Other firsts: Andy Williams and the Lennon Sisters sang the first National Anthem; Jim Edmonds hit the first home-run; Matt DeMarco hit the first Springfield Cardinal home-run; Jeremy Cook (Springfield) vs Matt Morris was the first starting pitcher duel; and the Cardinals won both games.

Fans all over Springfield, even those who couldn't be at the game, talked about the new team. "Who are you rooting for," one fan working the drive-up window at a local Burger King asked a customer? "The Cardinals or the Cardinals?" "The Cardinals," came the reply.

Fans at the game shared stories about their beloved team and players. Like the gentleman who attended church with Stan Musial and had driven down from St. Louis to witness the historic game.

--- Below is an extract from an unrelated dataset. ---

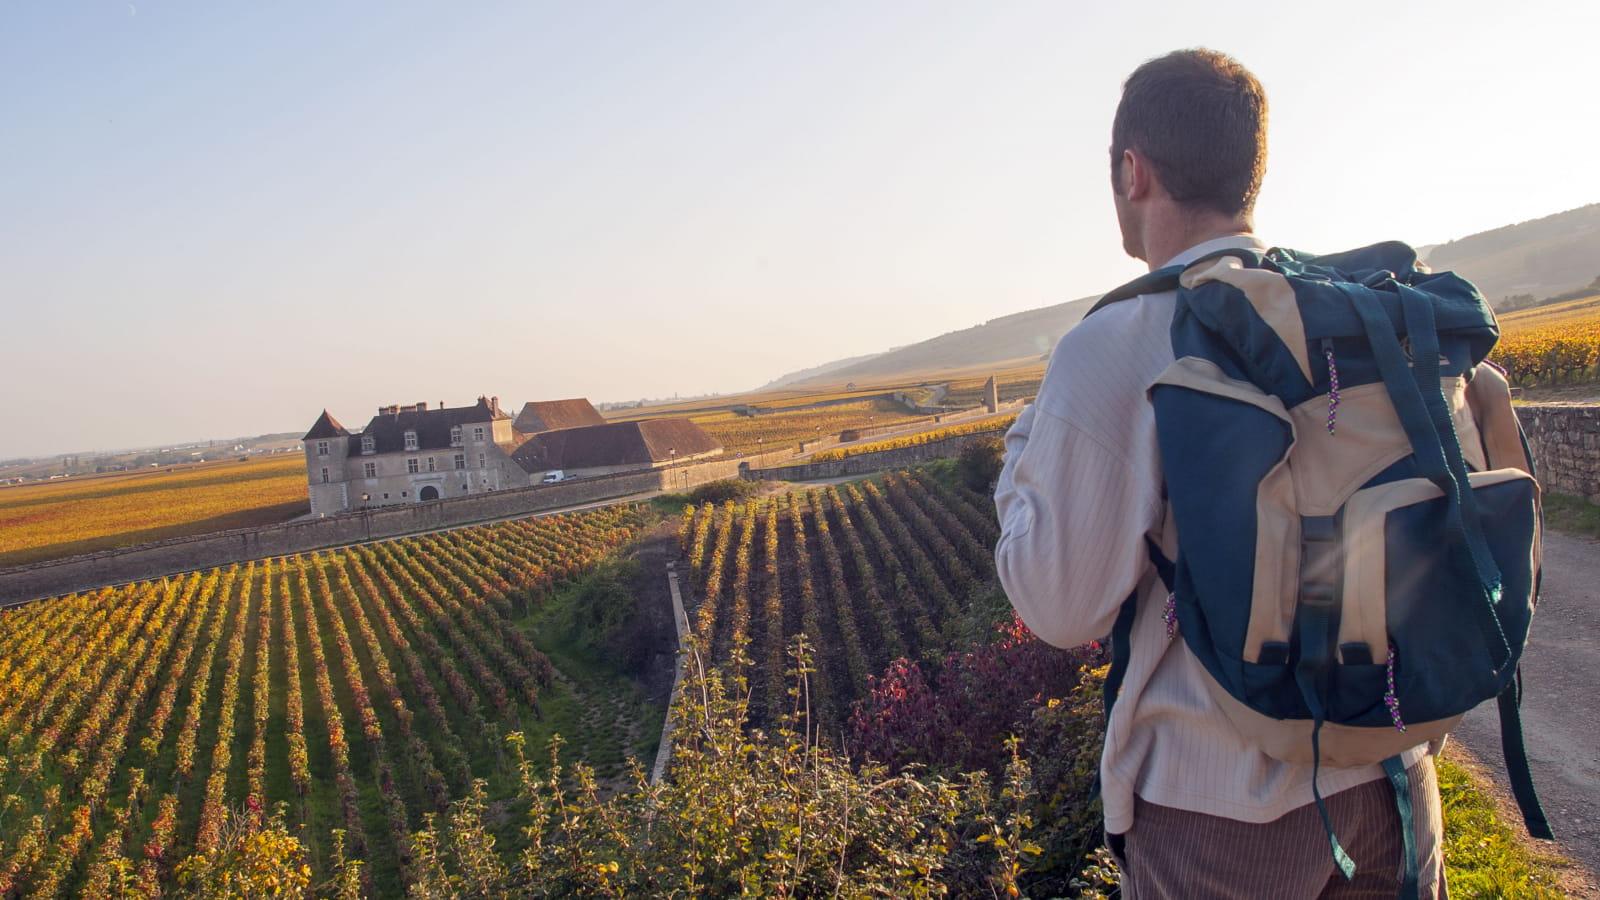 Randonnée dans le domaine du Château du Clos de Vougeot

He related to Springfield fans how he had the pleasure of seeing Stan Musial standing in the rain outside the church signing autographs for young paper boys who had taken refuge inside the church to get out of the downpour. Musial had apparently held an umbrella in one hand and a pen in the other proving once again not only what a great player he had been but what a great human being he still is.

Baseball is back in Springfield. Nothing since the opening of Katz Drugs in the mid-60's has ever generated so much excitement in this southwest Missouri town. St. Louis has given Springfield a gift of unimaginable proportions. Just as the opening of Katz Drugs on south Glenstone heralded in an era of new commerce and retail shopping in Springfield, the gift of Baseball will ignite a flame that will most-likely spread across the city like a wildfire chasing the coat-tails of the newest members of the Red-Bird nest.

Win or lose, (the St. Louis team won 4-3 on Saturday and 18-6 on Sunday) Cardinal fans love their team--a no-fail recipe for success in any city.

The Springfield Cardinals open the season on Thursday, April 7, at Arkansas Travelers. They open at home on April 12, at 7:30 p.m., against the Tulsa Drillers. According to Gifford, there are a handful of tickets remaining for the home opener. To purchase these tickets or any tickets to the Springfield Cardinals, call (417) 863-2143 or visit their Website at www.springfieldcardinals.com or stop by the ticket office at 955 E. Trafficway in Springfield.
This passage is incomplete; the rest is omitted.